Volume 2013 | Article ID 358413 | https://doi.org/10.1155/2013/358413

MIMO Antenna Array Design with Polynomial Factorization

Wen-Qin Wang,¹Huaizong Shao,¹and Jingye Cai¹

Academic Editor: Yuan Yao

Received11 Mar 2013

Revised06 Jun 2013

Accepted07 Jun 2013

Published27 Jun 2013

Abstract

One of the main advantages of multiple-input multiple-output (MIMO) antenna is that the degrees-of-freedom can be significantly increased by the concept of virtual antenna array, and thus the MIMO antenna array should be carefully designed to fully utilize the virtual antenna array. In this paper, we design the MIMO antenna array with the polynomial factorization method. For a desired virtual antenna array, the polynomial factorization method can optimally design the specified MIMO transmitter and receiver. The array performance is examined by analyzing the degrees-of-freedom and statistical output signal-to-interference-plus-noise ratio (SINR) performance. Design examples and simulation results are provided.

1. Introduction

Multiple-input multiple-output (MIMO) antenna array has received much attention in communication, radar, and navigation systems [1–4]. MIMO idea is not new; its origin in control systems can be traced back to 1970s [5]. The early 1990s saw an emergence of MIMO ideas into the field of wireless communication systems [6–8]. More recently, the ideas of MIMO appear in sensor and radar systems [9–12]. Different from conventional phased-array systems [13], in MIMO antenna systems each antenna transmits a unique waveform, orthogonal to the waveforms transmitted by other antennas, and a matched filter bank is used to extract the orthogonal waveform components. When the orthogonal signals are transmitted from different antennas, the return of each orthogonal signal will carry independent information. The phase difference caused by different transmitting antennas along with the phase differences caused by different receiving antennas can form a new virtual antenna array steering vector. With optimally designed antenna array geometry, we can create a very long array steering vector with a small number of antennas [14, 15]. More importantly, this provides good flexibility and reconfigurability in array configuration, thus enabling a flexible and reconfigurable system.

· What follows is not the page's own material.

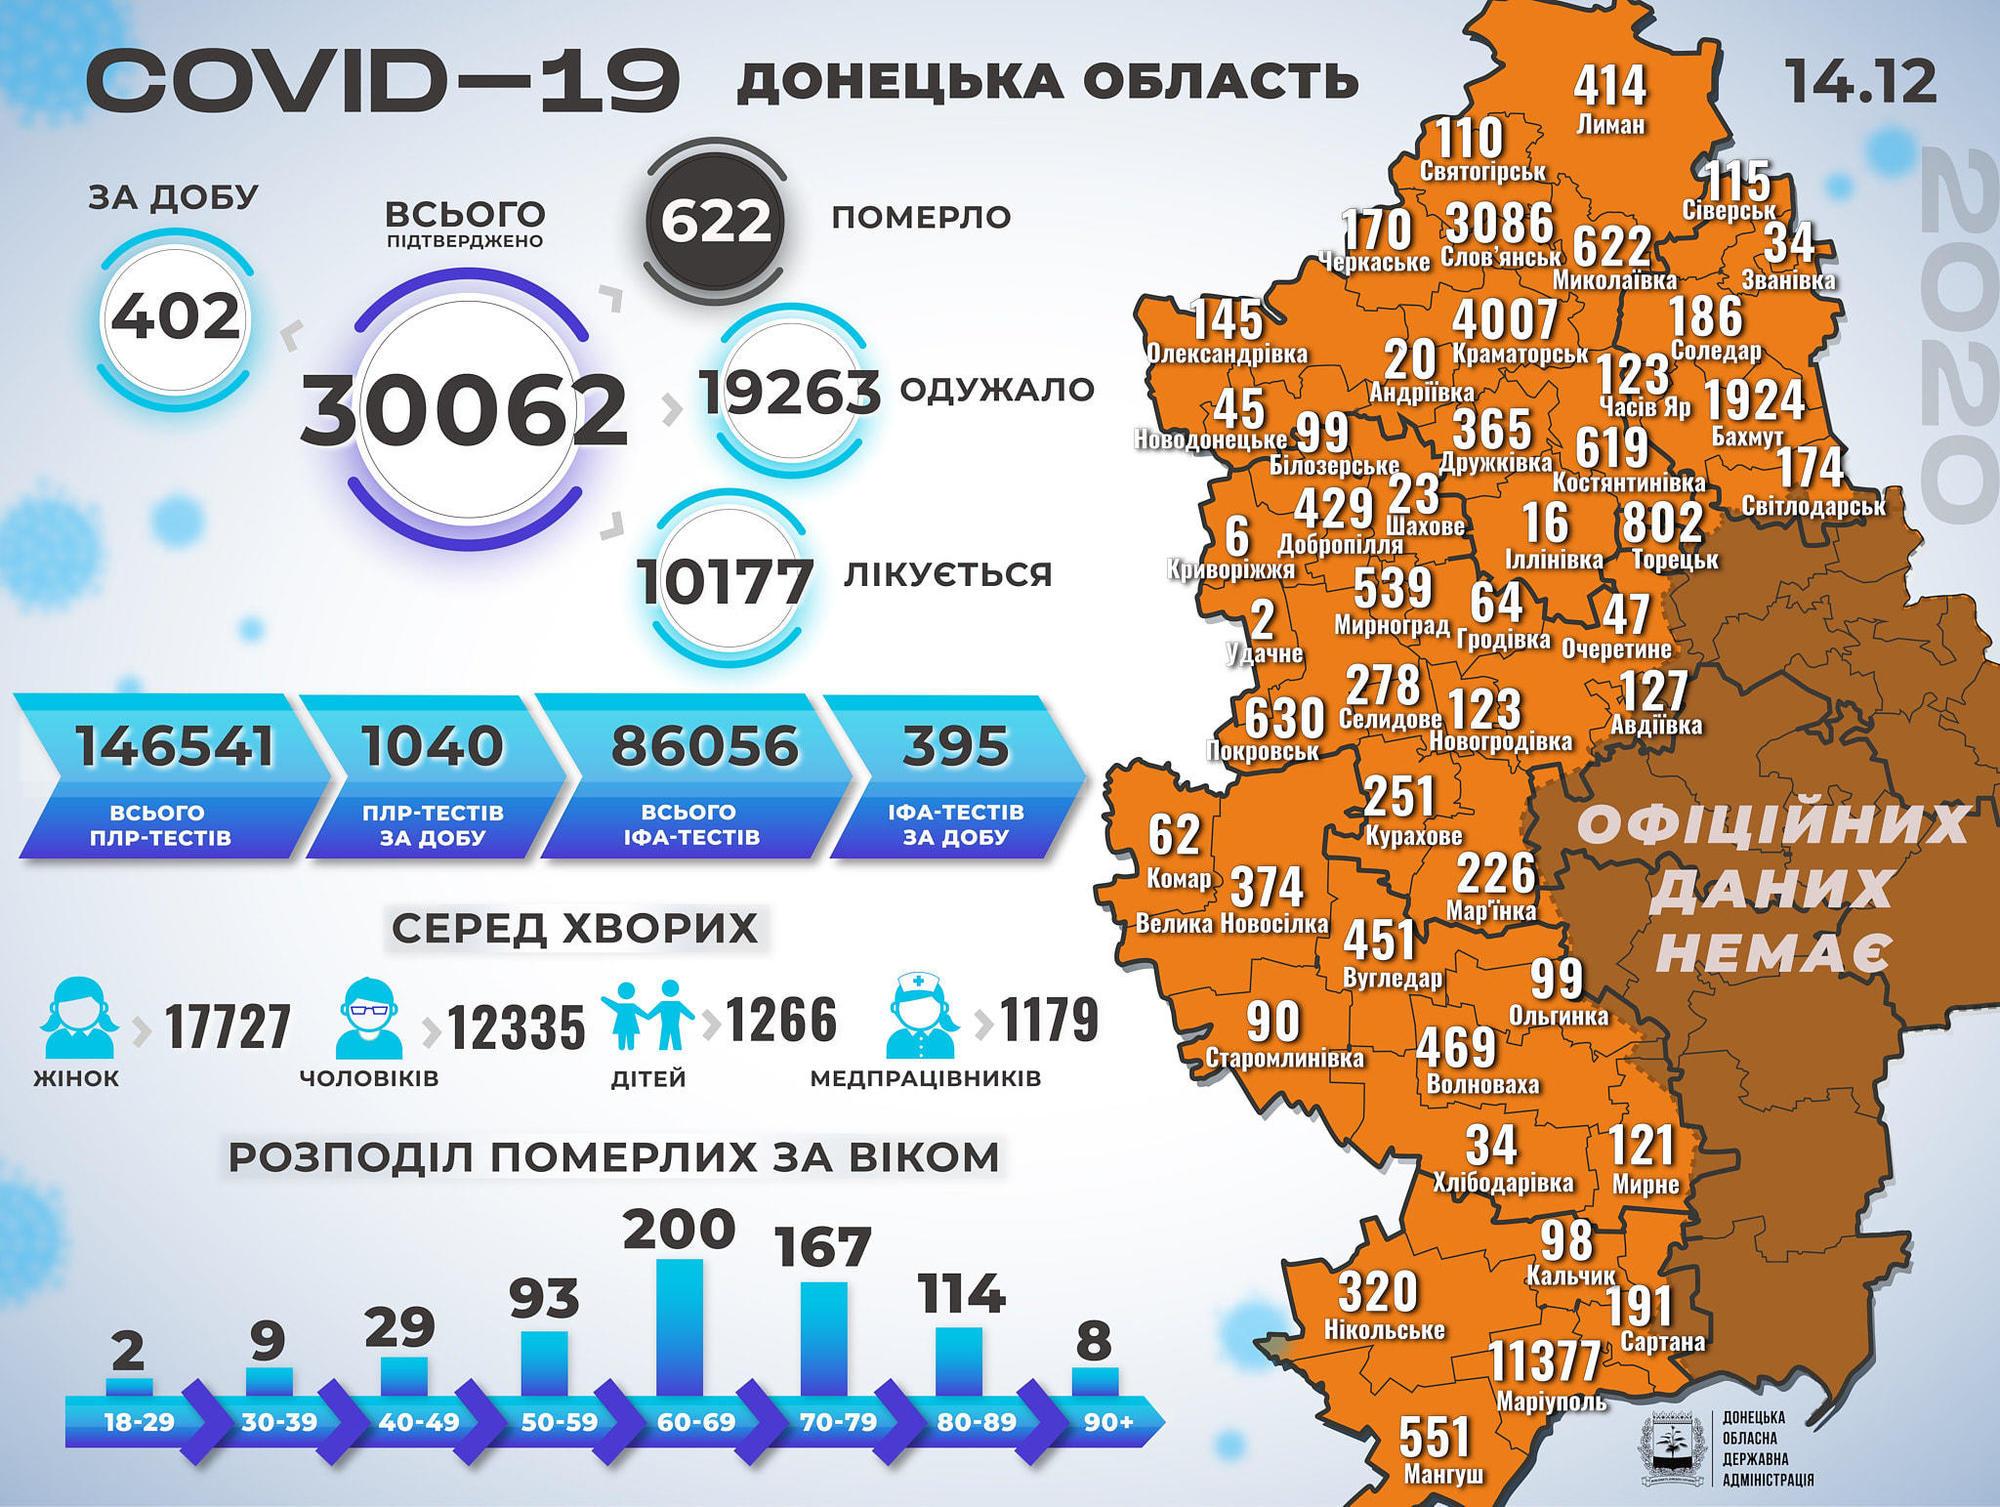 заболеваемость COVID-19 в Донецкой области на 15 декабря

Although MIMO antenna arrays are widely used in various applications, radar-related application is assumed in this paper. Even so, the rich literature of research in this area appears in threefold: (a) the comparison between conventional phased-array and MIMO array, and the development of MIMO architecture [16–18]; (b) MIMO waveform diversity and transmitter design [19, 20]; and (c) the system performance and the receiver design for enhanced performance [21, 22]. In fact, one of the main advantages of MIMO antenna array is that the degrees-of-freedom can be significantly increased by the concept of virtual antenna array, and thus the MIMO antenna array should be carefully designed to fully utilize the virtual antenna array. This paper focuses on the MIMO sparse antenna array design to obtain a uniform virtual array for the system.

Many array design methods have been proposed for conventional phased arrays [23–26]. Specially, linear programming-based algorithms were proposed by [27, 28] for reduced sidelobe thinned array design. Genetic algorithm was proposed by [29] to optimally design thin large phased arrays. Simulated annealing-based technique was proposed by [30] to synthesize the position and weight coefficients of a linear array that minimizes peak sidelobes. A hybrid approach combining particle swarm optimization with combinational techniques was proposed by [31] to synthesize planar thinned arrays. Recently a general polynomial factorization-based design of sparse periodic linear arrays was proposed by [32] to design sparse periodic arrays. In the method, transmit and receive aperture polynomials are selected such that their product results in a polynomial representing the desired combined transmit/receive effective aperture function.

In this paper, we use the polynomial factorization method proposed in [32] to design MIMO antenna array and comparatively analyze the designed array performance. To obtain the desired virtual MIMO antenna array, we use the polynomial factorization-based method to design the transmit and receive antenna arrays. Since there may be multiple solutions for the transmit and receive antenna arrays and different solutions may have different array performance, we use adaptive beamforming algorithm to comparatively analyze the statistical output signal-to-interference-plus-noise ratio (SINR) performance of the designed arrays. Extensive design examples and simulation results are also provided.

The remaining sections are organized as follows: after introducing the polynomial factorization in Section 2, we describe the polynomial factorization-based MIMO antenna array design in Section 3. Next, the output SINR performance of the designed MIMO antenna arrays is analyzed by adaptive beamforming on the receiver in Section 4, and design examples and simulation results are provided in Section 5. Finally, this paper is concluded in Section 6 with a short discussion of future work.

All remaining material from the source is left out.